Although they are not recommended, named character entities like &hellip; or &ouml; should work within HTML text inside CDATA. They are not valid within ‘ordinary’ ONIX 3.0 data, but may be used within HTML (and of course, numerical character references like &#x2026; or &#xf6; will also work).

For the CDATA method, use the named entity or numerical reference as normal.

For the escaped HTML option, named entities are not valid – use numerical references instead.

For the escaped HTML option, it might appear that a named entity such as &hellip; or numerical reference like &#x2026; might require the ampersand to be escaped – just as the < character in the HTML markup is escaped to &lt;, the ampersand character in a named character entity or numerical reference could also be escaped, so a single ellipsis becomes &amp;hellip; or &amp;#x2026;. This is sometimes termed ‘double-escaping’, and it is strongly discouraged. Only the < character in the HTML markup needs do be modified (and you might also replace < that is not part of the HTML markup by <).

If using named character entities or numerical references in this manner (ie escaped within embedded HTML markup), ensure proper end-to-end testing with each ONIX recipient. The likelihood of confusion and error with escaped characters and double-escaped named character entities and numerical references is one reason why the CDATA method is preferred in ONIX 3.0. (In earlier versions of ONIX, the CDATA and escaped HTML methods were equally acceptable.)

Within HTML (but not within XHTML), the unescaped & character is valid. However, it is strongly recommended that the named entity &amp; is used instead, for both the CDATA and escaped HTML options. Using an unescaped & character in escaped HTML (ie without CDATA) will prevent the ONIX message validating.

Like many textual data elements, the <BiographicalNote> data element is repeatable in order that the same text can be carried in multiple languages. Of course, in most cases, textual metadata is provided in the same language used in the book. Parallel metadata in multiple languages might be required in territories where multiple languages are in everyday use (for example, Switzerland), in language learning and gift giving scenarios where a book might be purchased by someone who cannot read the language used in the book itself, and in cases where the product itself contains parallel text. If parallel textual metadata is provided, then each repeat of <BiographicalNote> must carry a language attribute. This allows a recipient to either accept and process the multiple languages, or to select the single language that is most appropriate for their needs.

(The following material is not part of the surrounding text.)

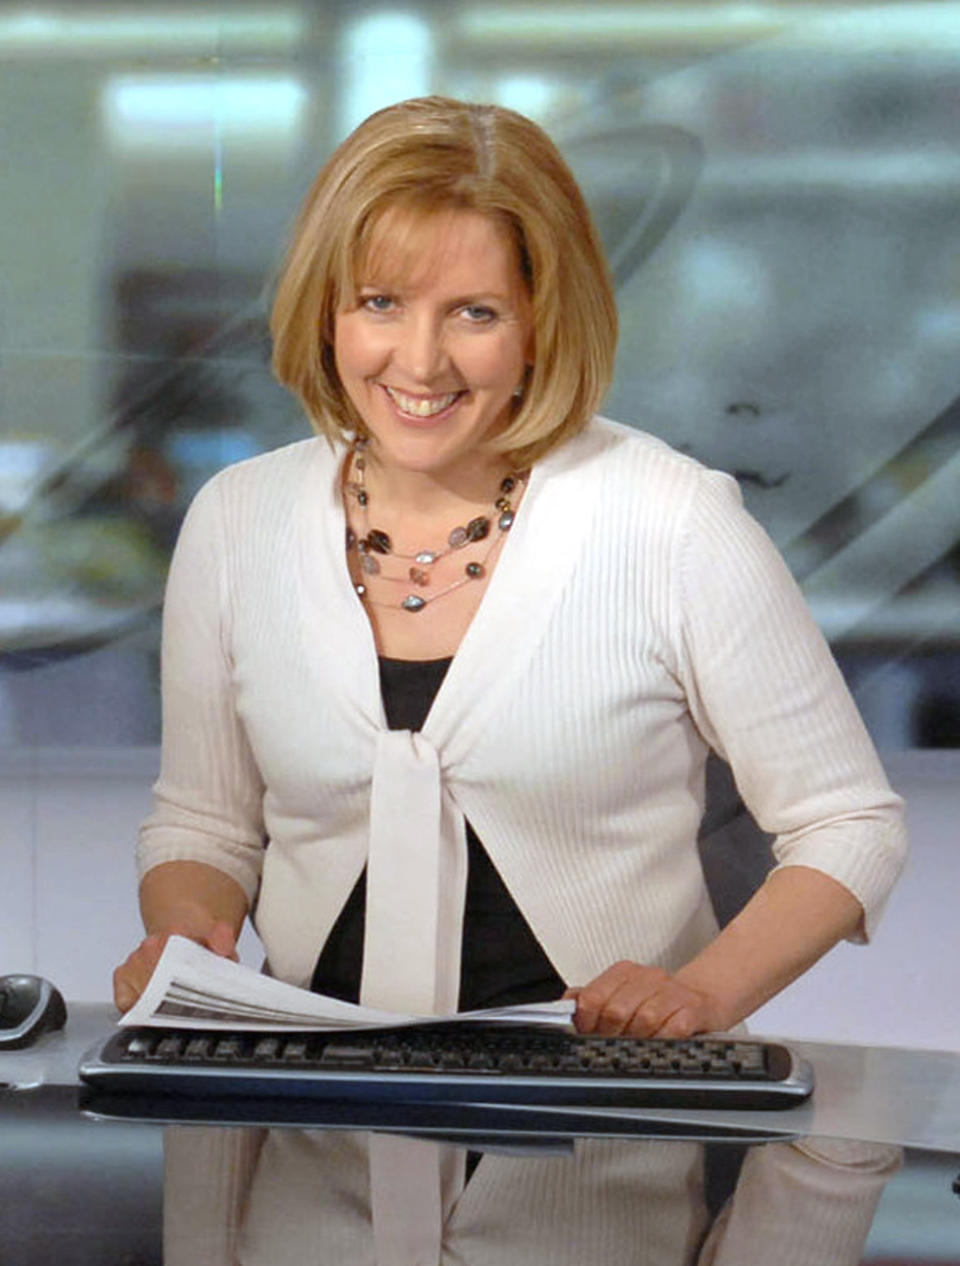 Gracie has been at the BBC for 30 years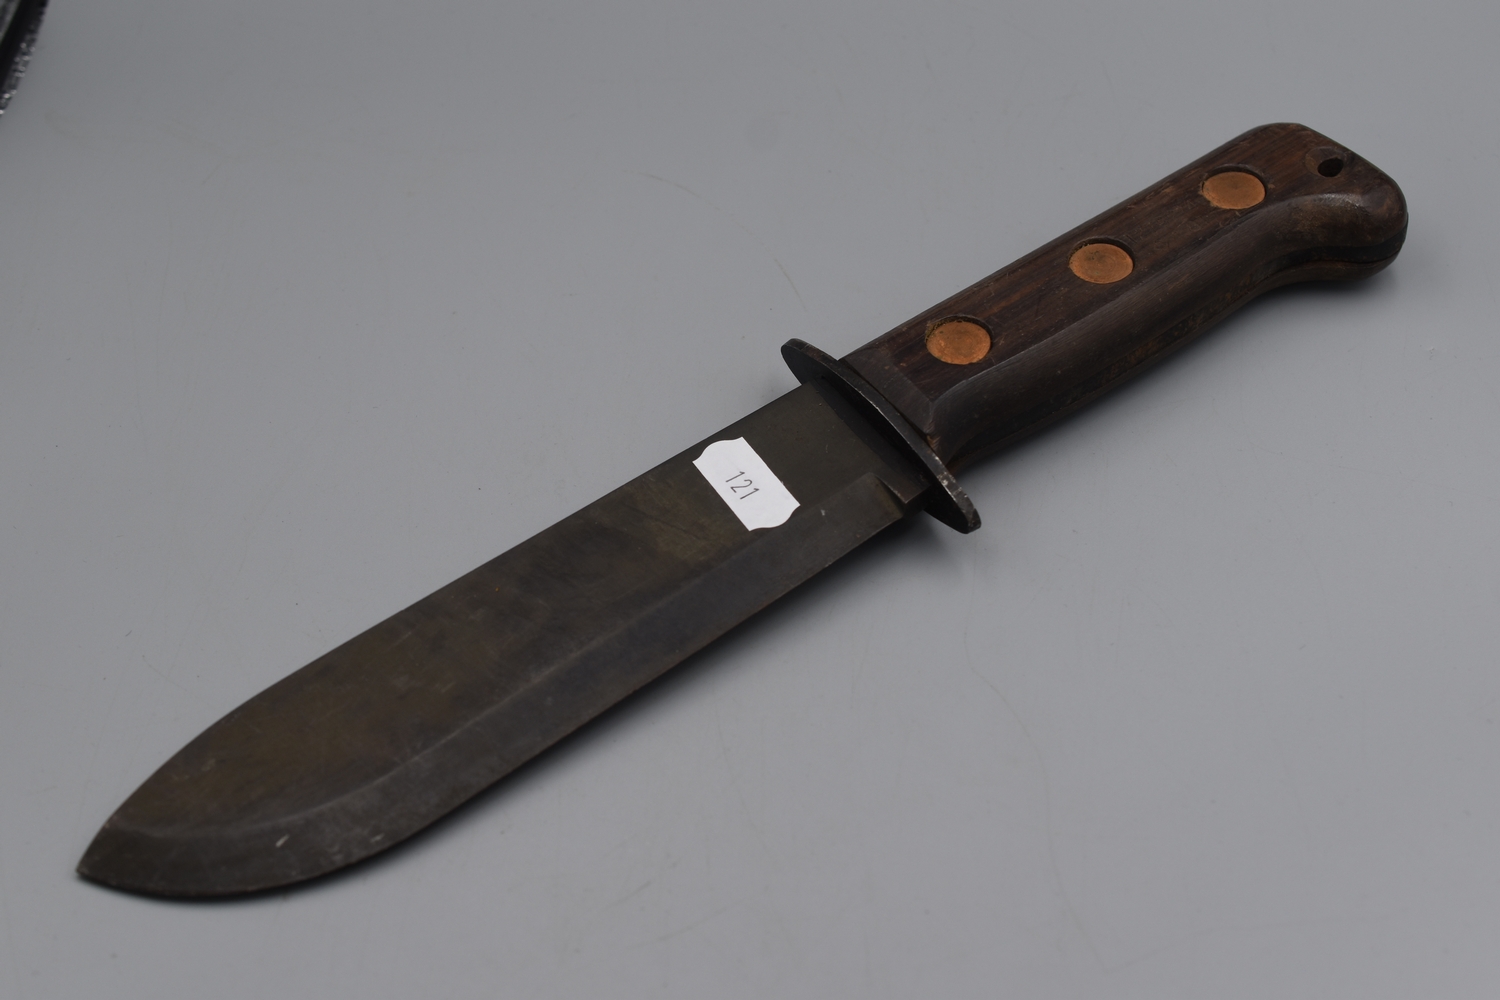 british army survival knife

providing text in parallel languages
using Reference names
<BiographicalNote language="eng" textformat="05"><p><strong>Umberto Eco</strong>, professor of semiotics at the University of Bologna, and author of <em>The Name Of The Rose</em> and <em>Foucault’s Pendulum</em>, is one of the world’s bestselling novelists.</p><p>As well as novels, he also writes children’s books and academic works.</p></BiographicalNote>
<BiographicalNote language="ita" textformat="05"><p><strong>Umberto Eco</strong>, professore di semiotica all’Università di Bologna e autore di <em>Il nome della rosa</em> e <em>Il pendolo di Foucault</em>, è uno dei romanzieri più venduto al mondo.</p><p>Così come romanzi, lui scrive anche libri per bambini e opere accademici.</p></BiographicalNote>
using Short tags
<b044 language="eng" textformat="05"><p><strong>Umberto Eco</strong>, professor of semiotics at the University of Bologna, and author of <em>The Name Of The Rose</em> and <em>Foucault’s Pendulum</em>, is one of the world’s bestselling novelists.</p><p>As well as novels, he also writes children’s books and academic works.</p></b044>
<b044 language="ita" textformat="05"><p><strong>Umberto Eco</strong>, professore di semiotica all’Università di Bologna e autore di <em>Il nome della rosa</em> e <em>Il pendolo di Foucault</em>, è uno dei romanzieri più venduto al mondo.</p><p>Così come romanzi, lui scrive anche libri per bambini e opere accademici.</p></b044>
P.7.47 Unnamed person(s)

A product that has no specific named contributors may still have unnamed contributors – they may be unknown, anonymous, or indeed artificial – for example, a book may be written by ‘Anonymous’, and an audiobook or DAISY title using synthesized but prerecorded speech should carry an <UnnamedPersons> element with a contributor role code indicating ‘read by’.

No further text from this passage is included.